DATASET CONTENT.
=== Section Start ===

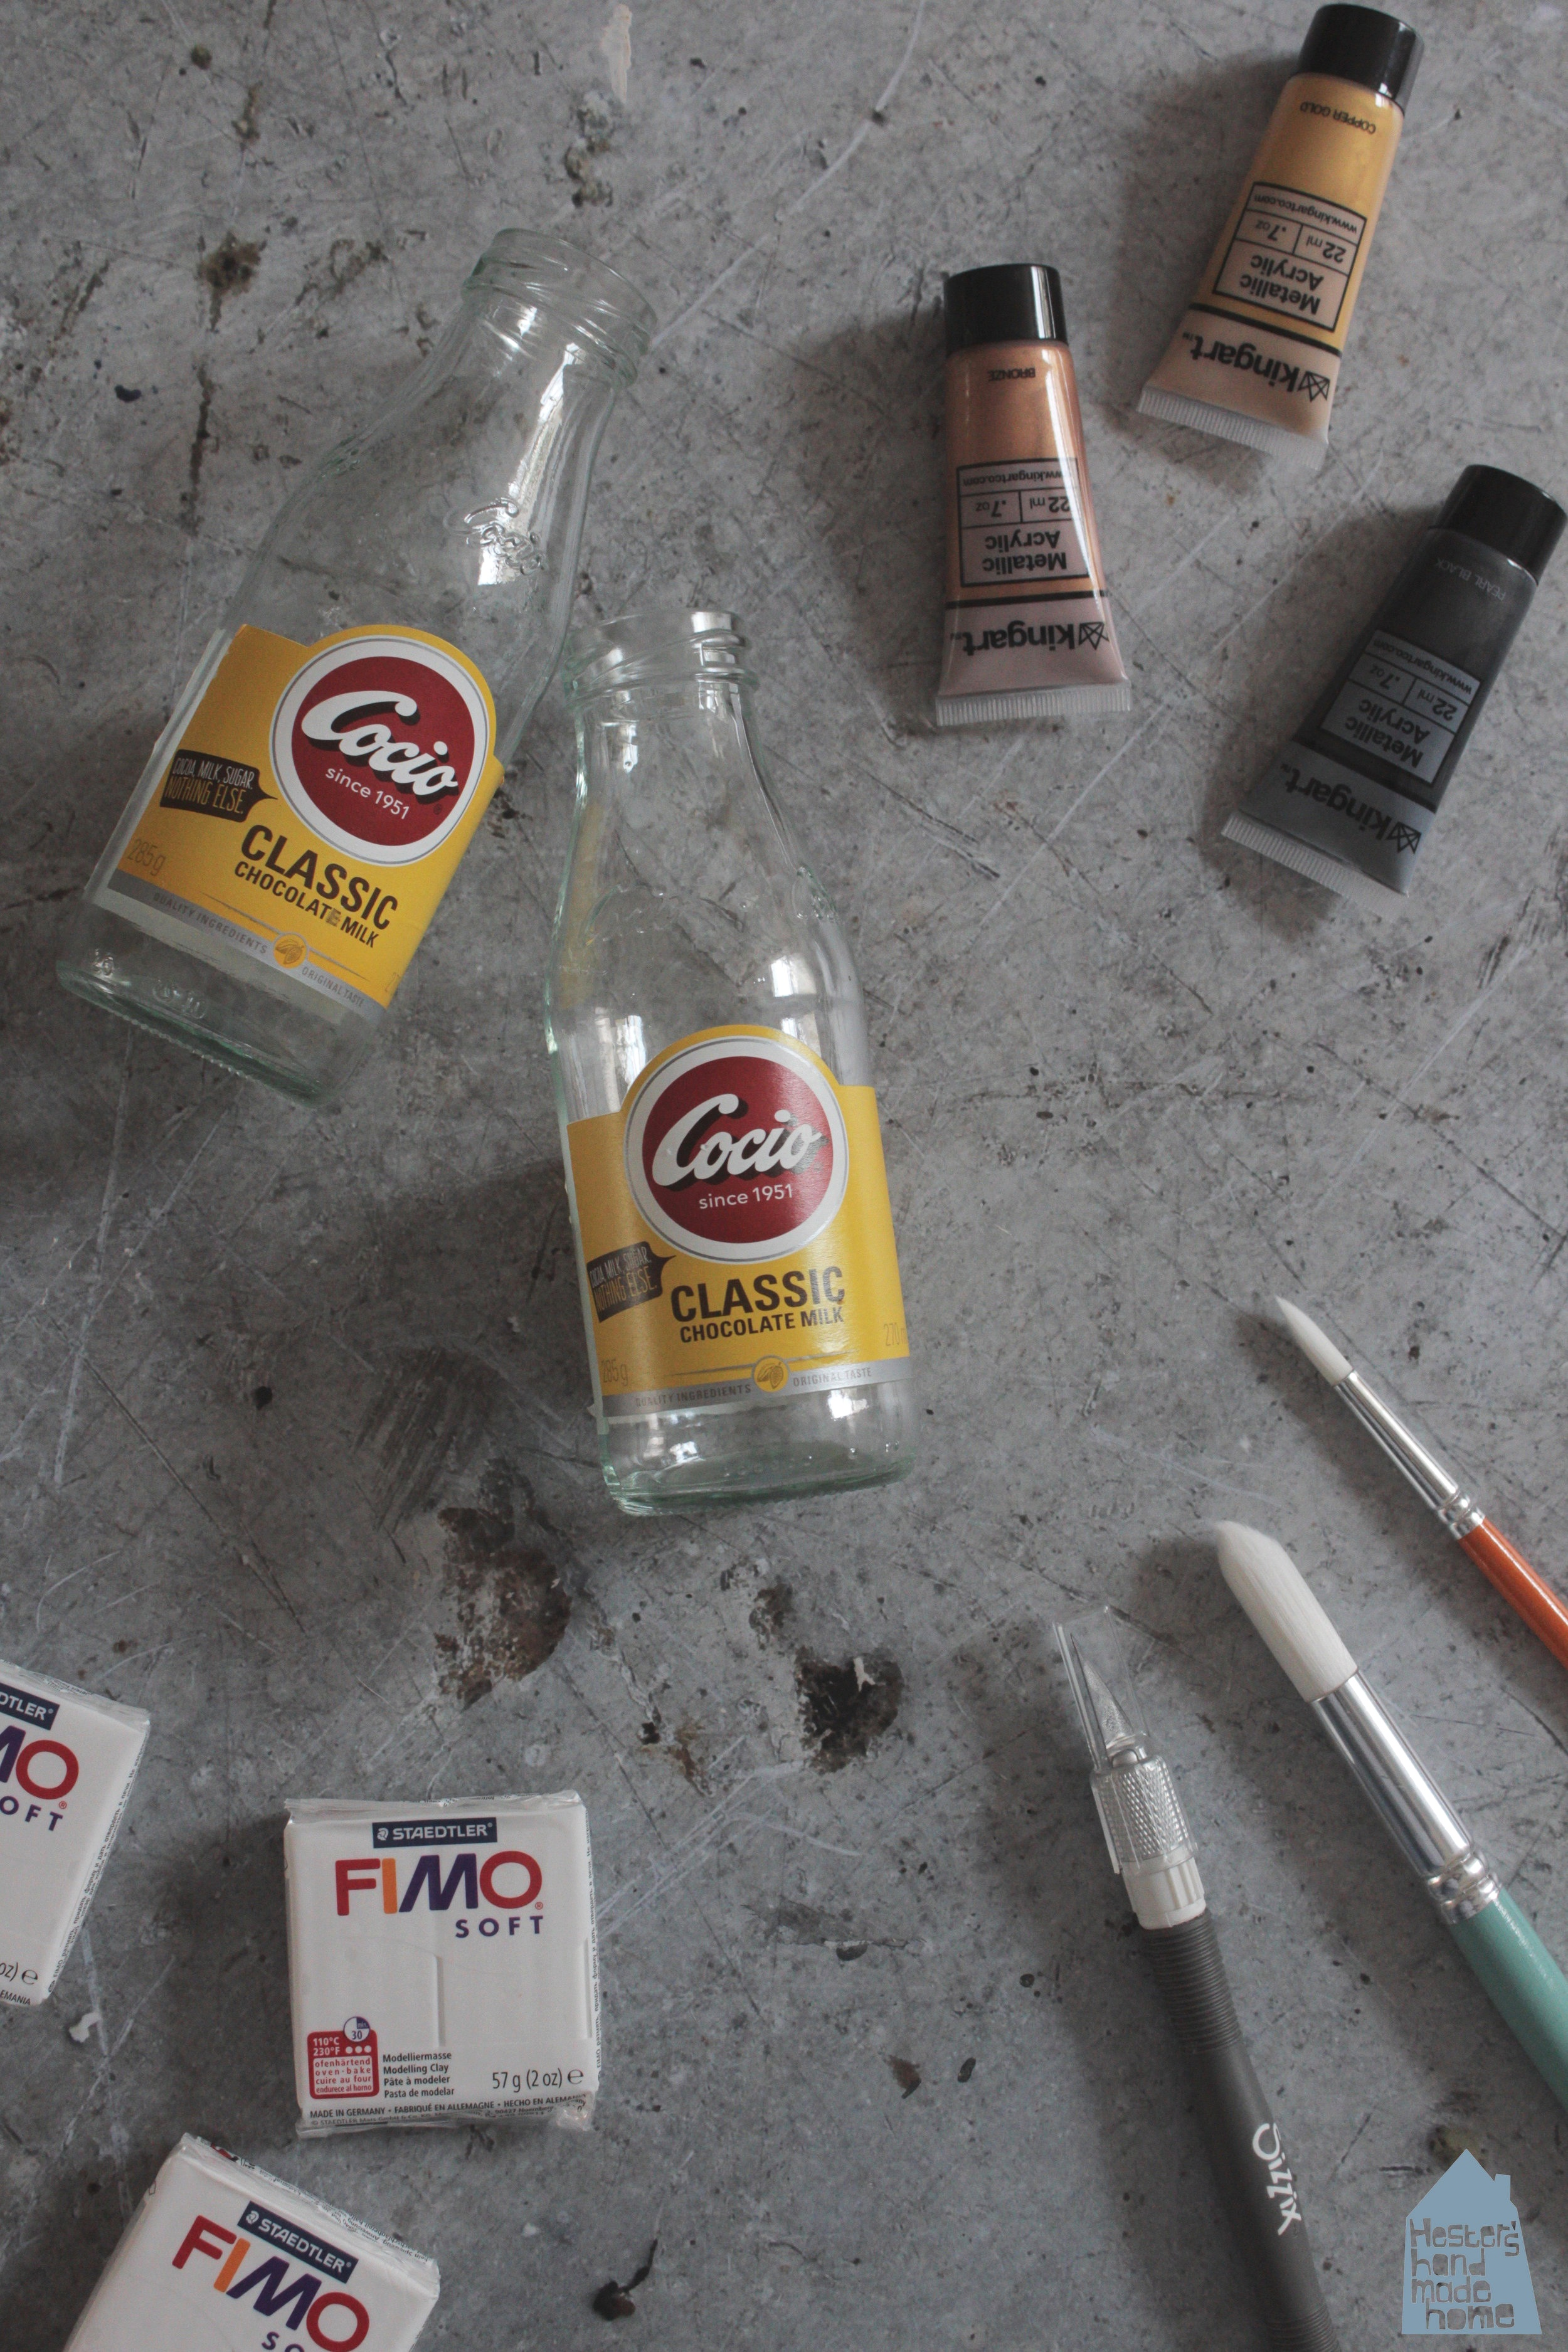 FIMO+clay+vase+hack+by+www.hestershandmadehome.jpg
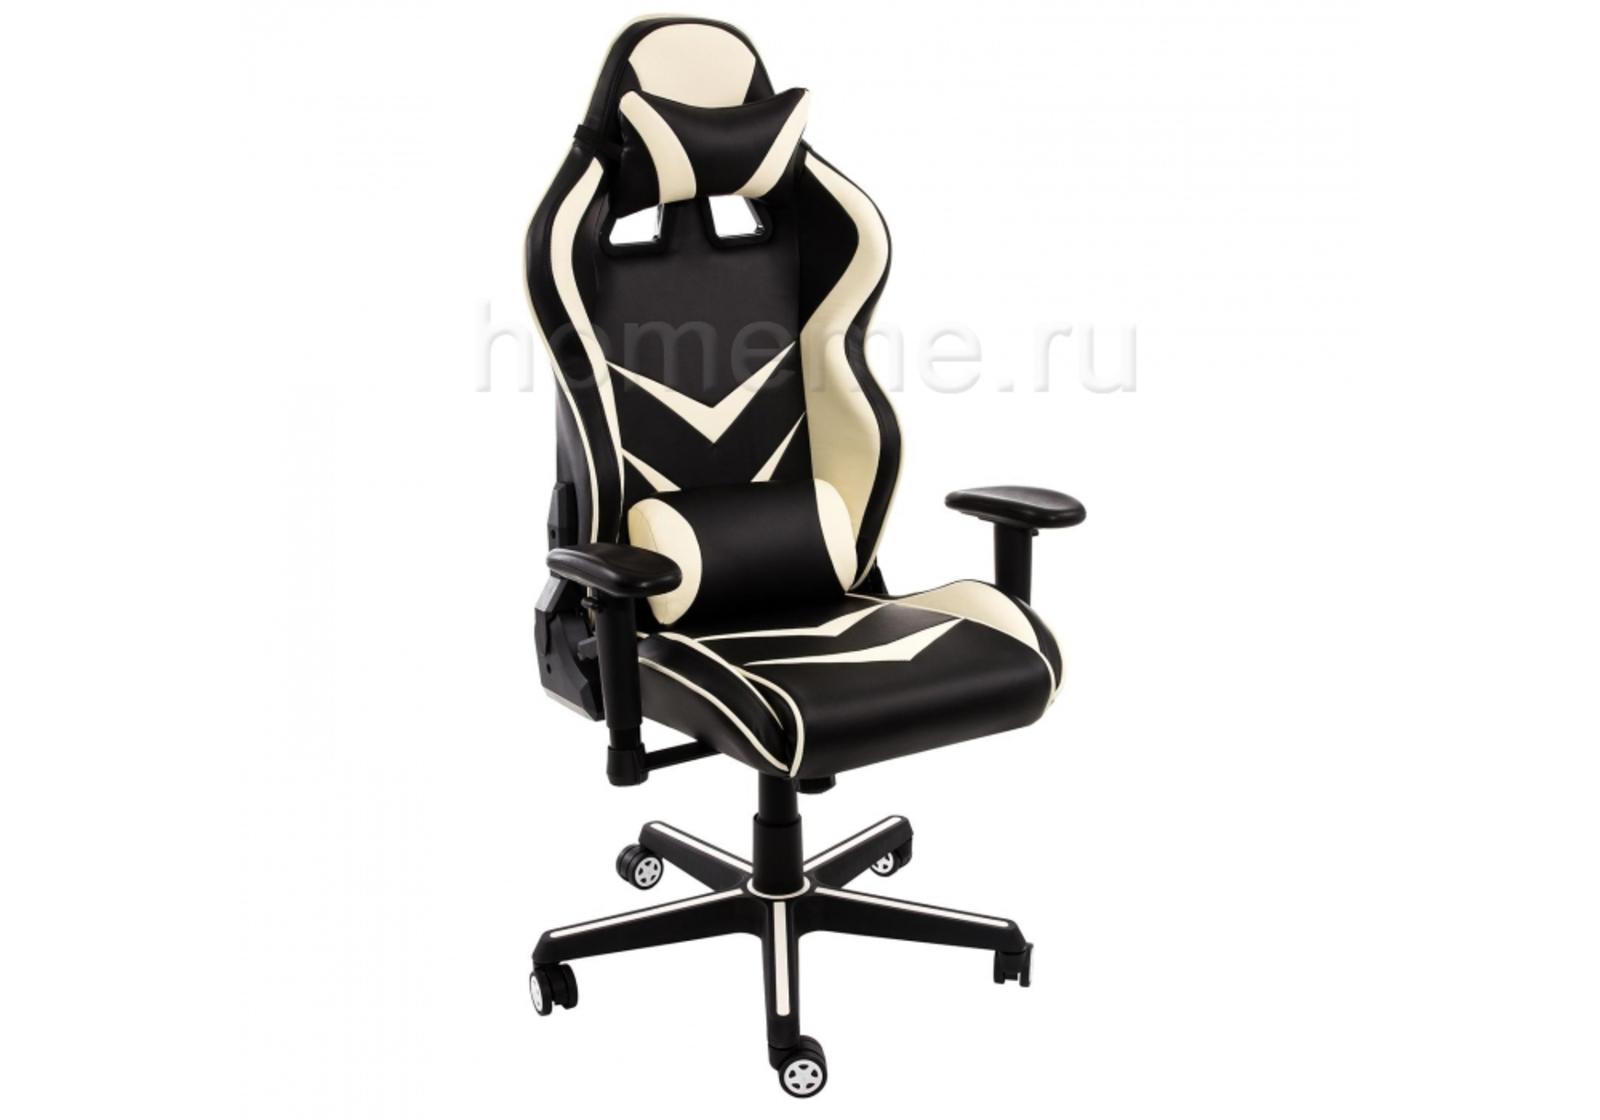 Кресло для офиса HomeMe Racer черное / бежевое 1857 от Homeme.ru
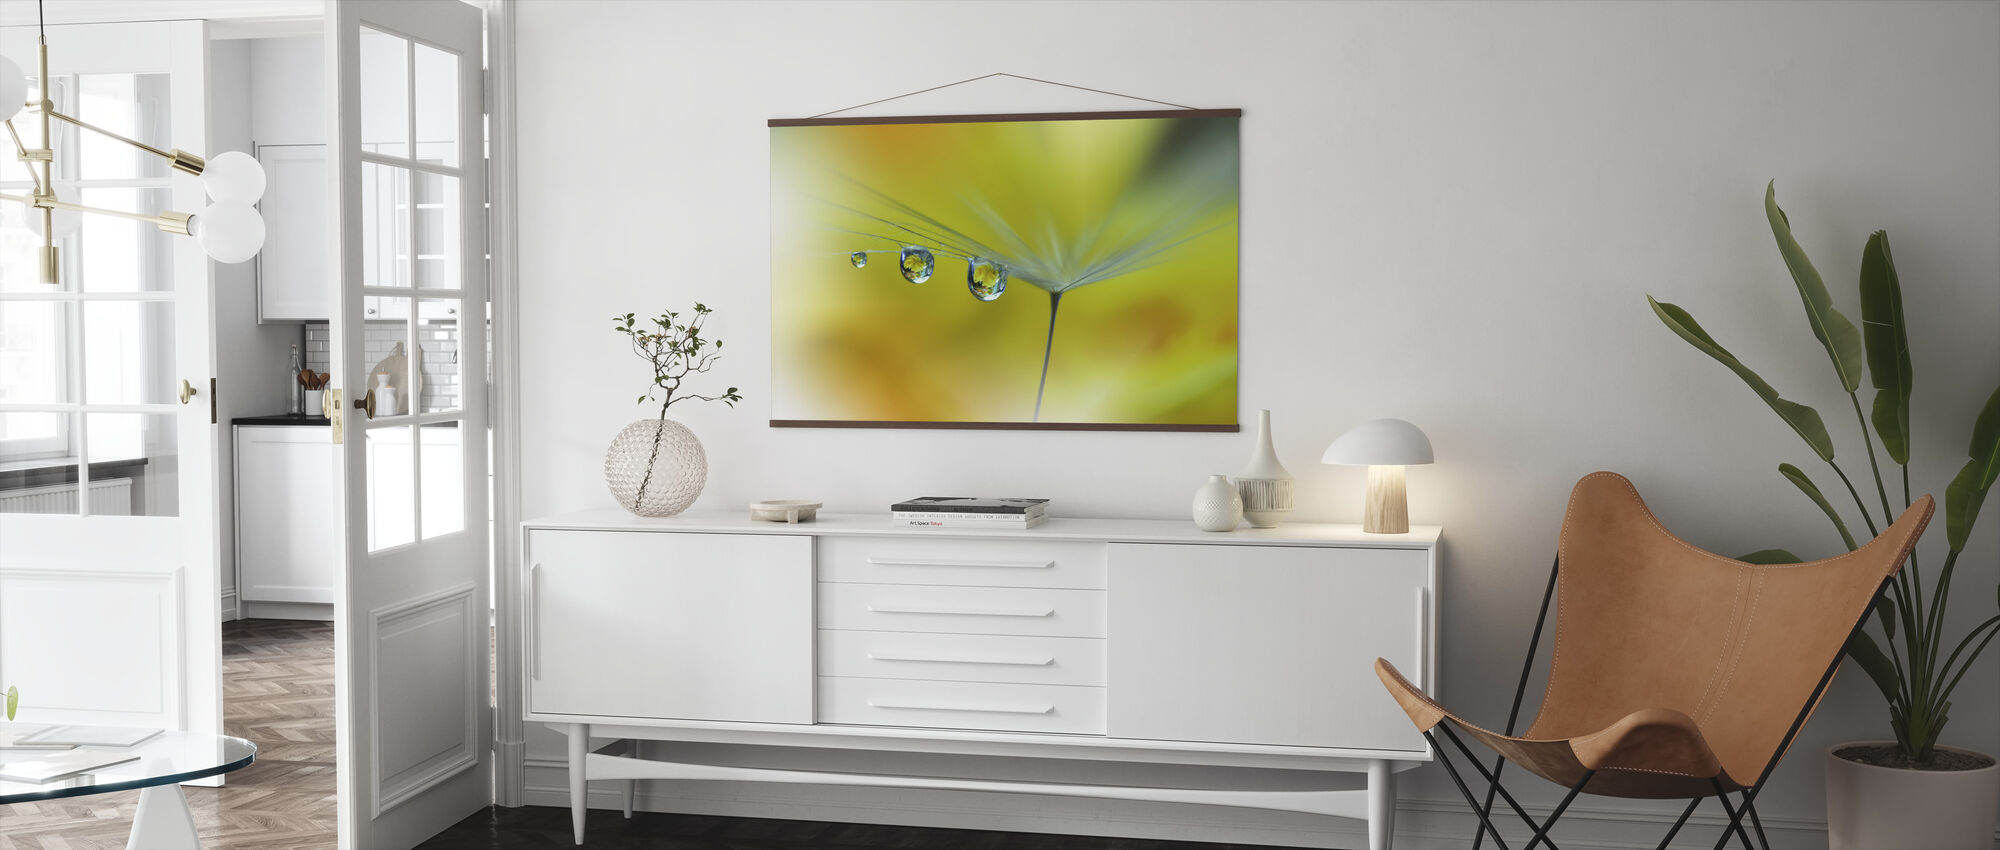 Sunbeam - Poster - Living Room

=== Section End ===

Write out the material above precisely, leaving each picture behind.

 FIMO+clay+vase+hack+by+www.hestershandmadehome.jpg
 Кресло для офиса HomeMe Racer черное / бежевое 1857 от Homeme.ru
 Sunbeam - Poster - Living Room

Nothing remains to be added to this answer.